The Fringe is a great place for comedy in-jokes. Trusting the industry-savvy crowd to go with them, comics like Michael Legge can reference such luminaries as Tony Law, Bridget Christie and Josie Long and still keep most of their punters nodding and chuckling along. Legge skewers the modi operandi of all of the above and more in this enjoyably ranty set. It’s one of a few shows this year to take the presumed formula of an “award-winning show” and then subvert and parody it. It appears to offer us a redemptive narrative arc, then throws it gleefully back in our faces.

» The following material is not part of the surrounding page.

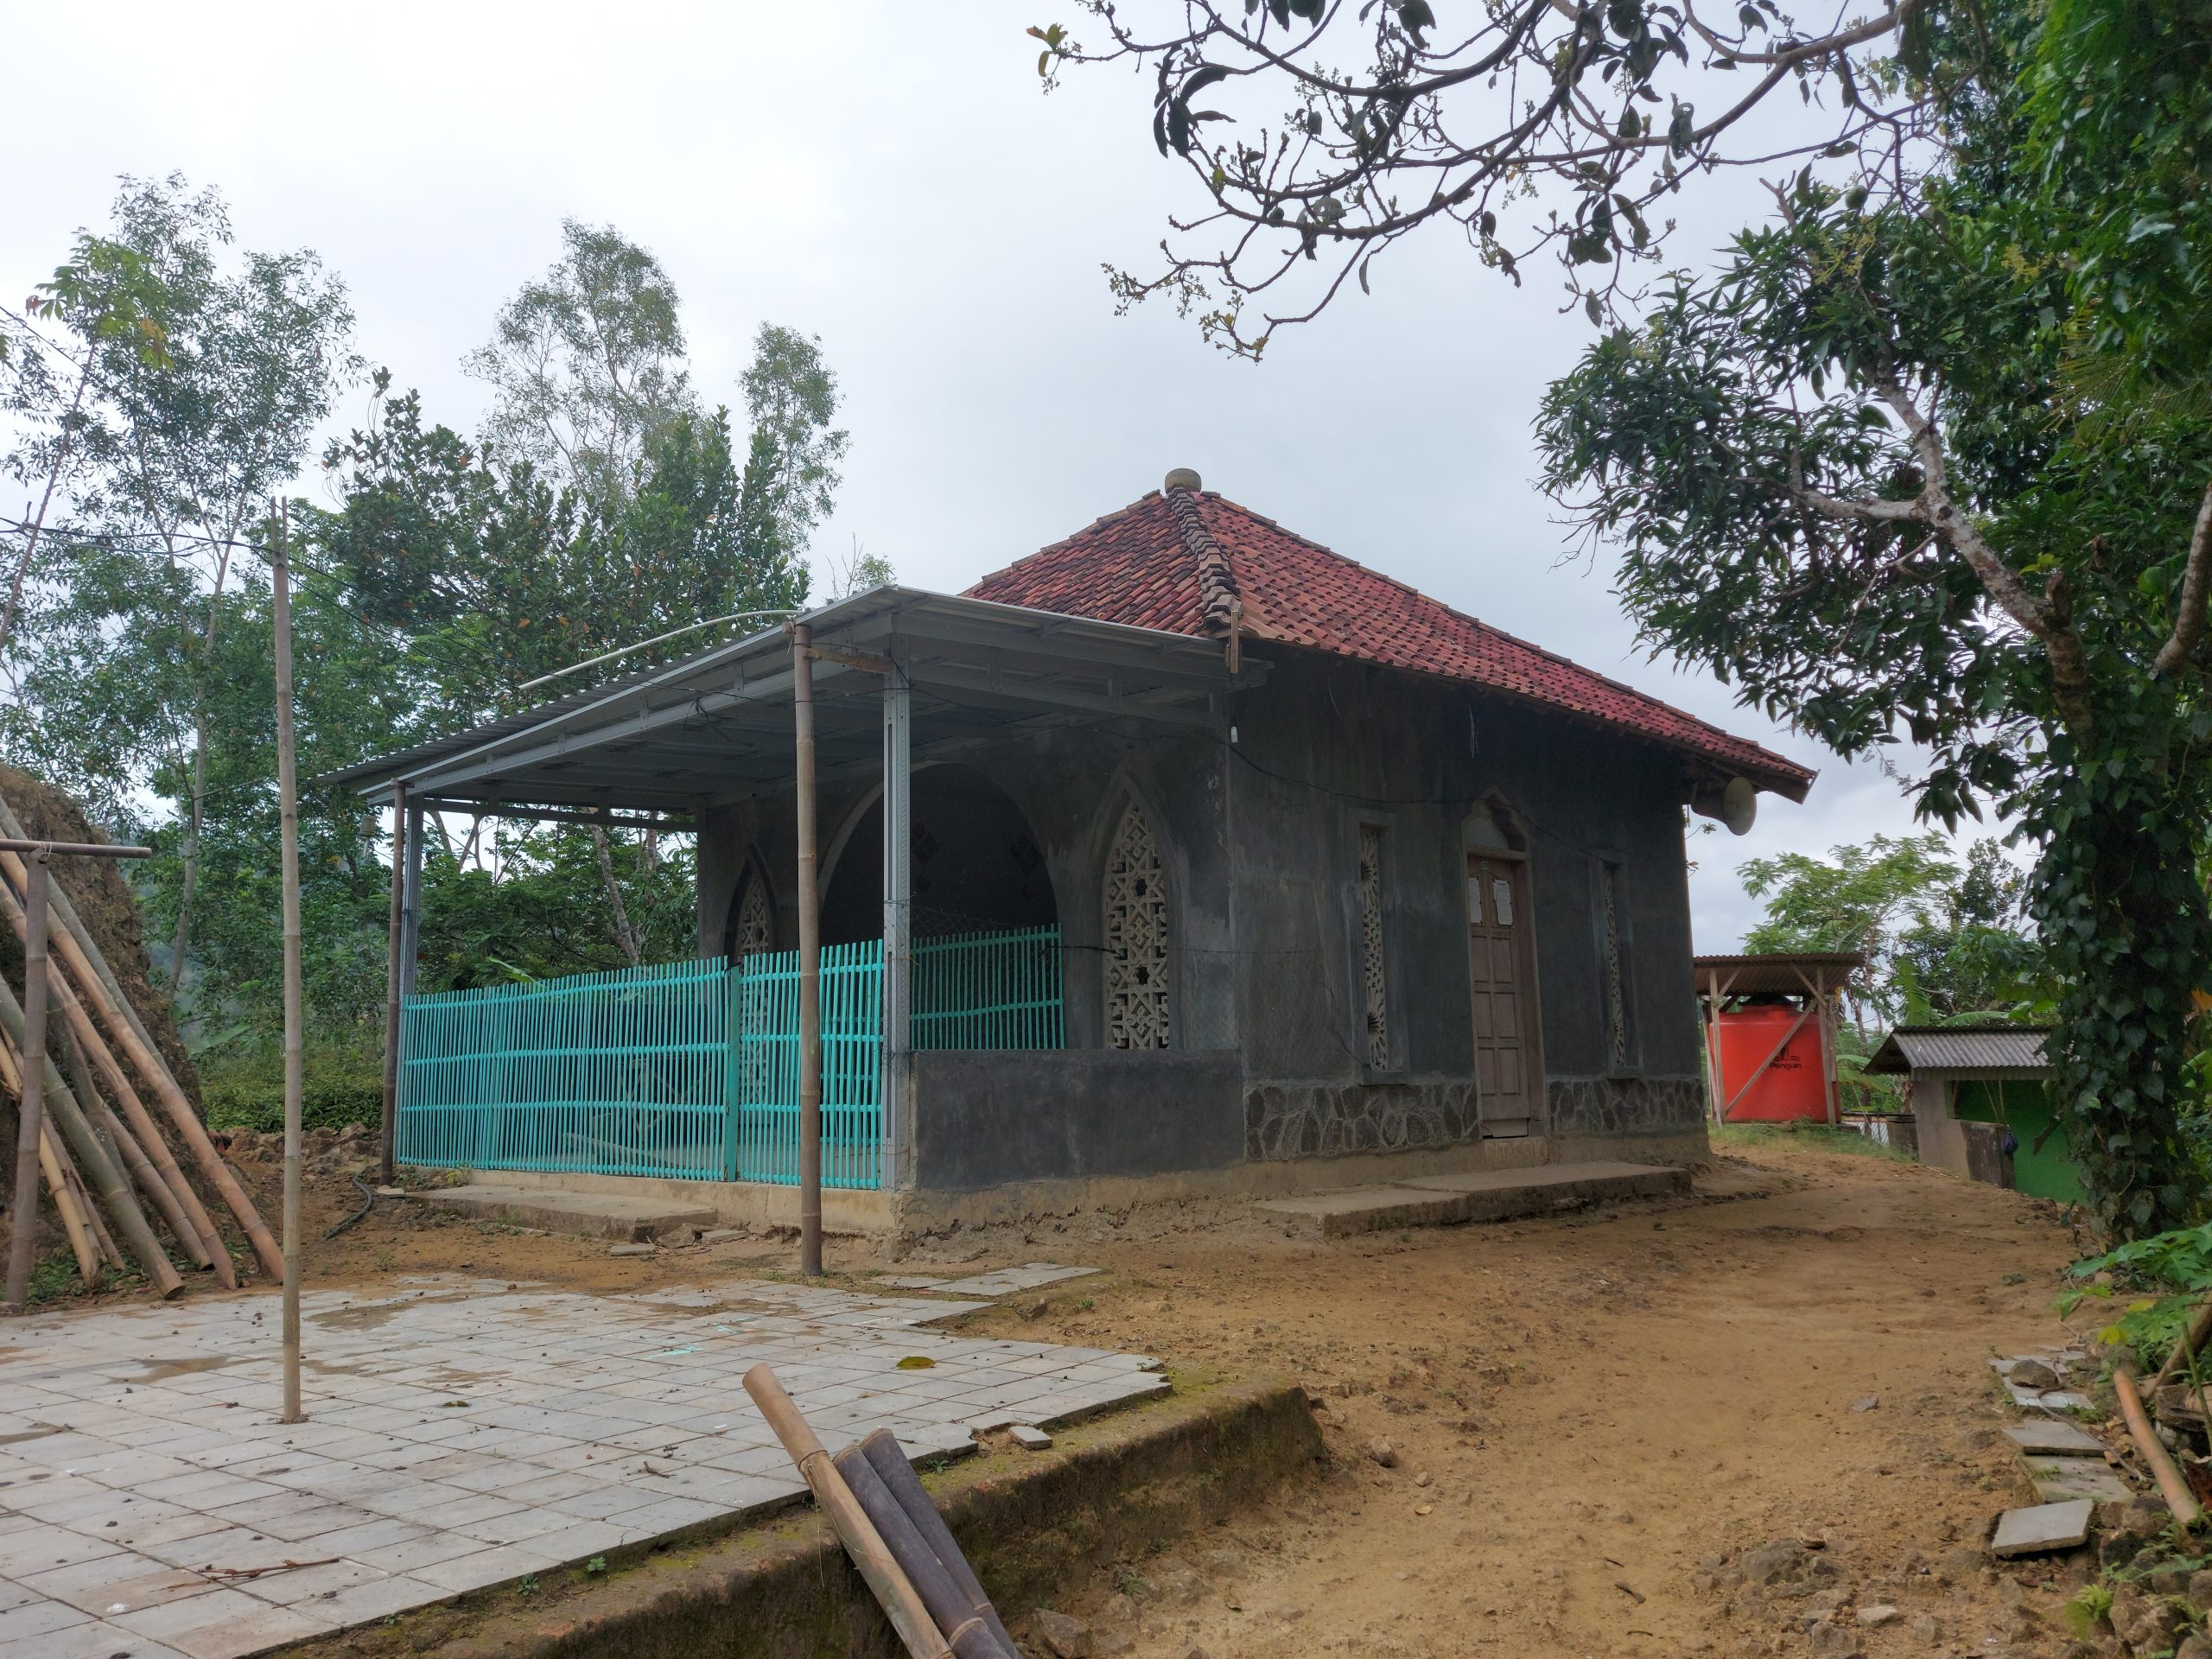 Usulan Lokasi Sedekah Air untuk Musholla Al Iman di Lingkungan Nggadak, Dusun Kampir, Desa Borang, Kecamatan Arjosari, Pacitan, Jawa Timur

Legge is proudly idiosyncratic in his references more generally. The thread running through the show is his frustrated fandom of cult singer-songwriter Robyn Hitchcock, who once told him to “fuck off”. The show title is something that Legge once shouted at the lead singer of '80s rock band Marillion at a gig. But audience members who know nothing about these musicians still find plenty to laugh at here (I know because I’m one of them), testament to the shouty, sweary sincerity of Legge’s storytelling.
The overall effect is like walking into a sort of private member’s club for 40-something fans of comedy and '80s cult music, but finding the company so much fun that you end up staying for several pints. You feel a little sorry for the foreign tourists and much younger punters who have turned up and look a little lost. But for the rest of us, this is a bracingly rude, very witty and surprisingly inclusive show, whether or not it bags that elusive award.